World's first floating nuclear power plant to begin operations

The plant is to be the first of a fleet of floating nuclear power stations to be stationed in the Russian Arctic.

Created On: Apr 29, 2019 17:04 ISTModified On: Apr 29, 2019 17:18 IST
World's first floating nuclear power plant to begin operations

Akademik Lomonosov, the world's only floating nuclear power unit is ready to start commercial operations in Russia. The plant was launched by Russia on May 19, 2018 at the St Petersburg shipyard.

The power plant is ready to start generating power after a series of comprehensive and successful tests on its twin KLT-40 reactor system. The power generation at both of the 35-MW KLT-40C reactors achieved 100 percent of capacity on March 31, with subsequent tests confirming that both the main and the auxiliary equipment of the units, as well as the process control systems, were operating normally.

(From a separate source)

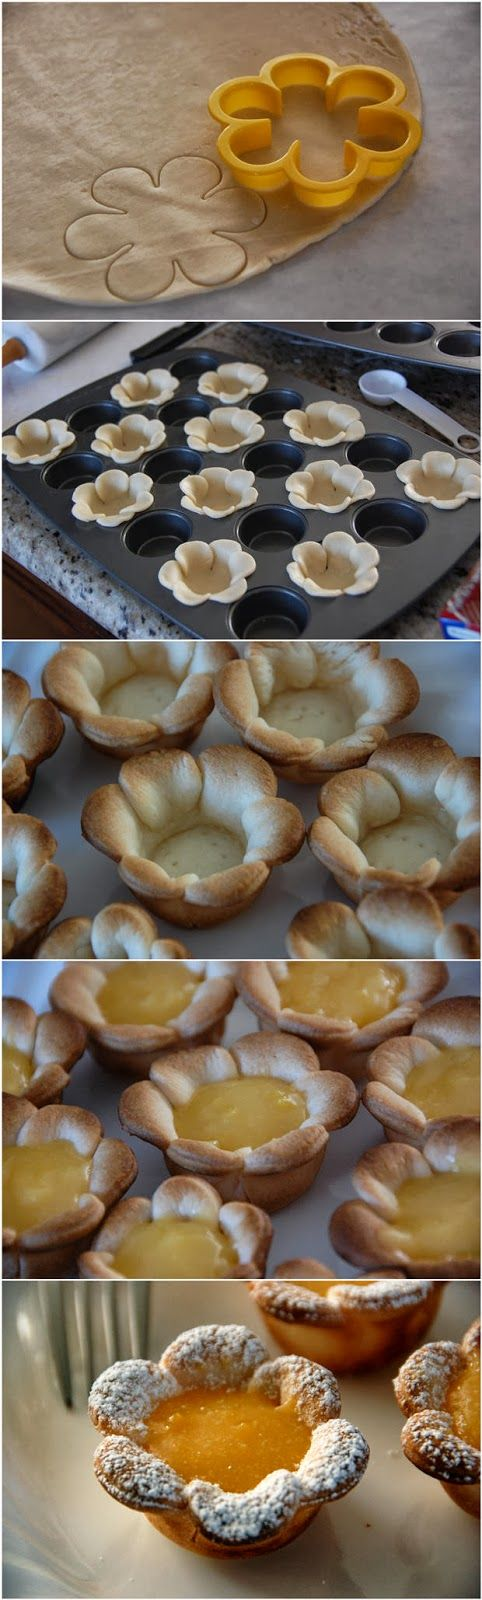 Flower shaped Mini Lemon Curd Tarts - kiss recipe

The power plant is expected to receive its operating license by July, subject to the test results.

Objective: Russia’s main objective behind the development is to meet its growing electricity needs in its drive to develop oil resources in remote Arctic regions.

Key Details

The ‘Akademik Lomonosov’ is to be the first of a fleet of floating nuclear power stations to be stationed in the Russian Arctic.

The 144-by-30-metre (472-by-98-foot) power plant holds two reactors with two 35 megawatt nuclear reactors that are similar to those used to power icebreaker ships.

The power plant has no propulsion of its own. It will be towed up North to avoid the steep cost of shipping it by land piece by piece to remote areas.

The plant is capable of producing enough electricity to power a town of 200,000 residents, far more than the 5,000 living in Pevek.

It is expected to operate for 40 years, with the possibility of the operating life being extended to 50 years and the two reactors will be refueled once every three years.


The floating reactor can help save 50,000 tonnes of carbon dioxide emissions per year.

The facility is designed to replace the ageing four-unit Bilibino plant, with an aggregate 48 MW capacity and become the key power generation source in Chukotka Autonomous District.

Nuclear Titanic?

 Russia launches world’s first floating nuclear power plant

While, according to project in-charge Vitaly Trutnev, the power plant has the latest security systems and should be one of the safest nuclear installations in the world, environmental activists think otherwise.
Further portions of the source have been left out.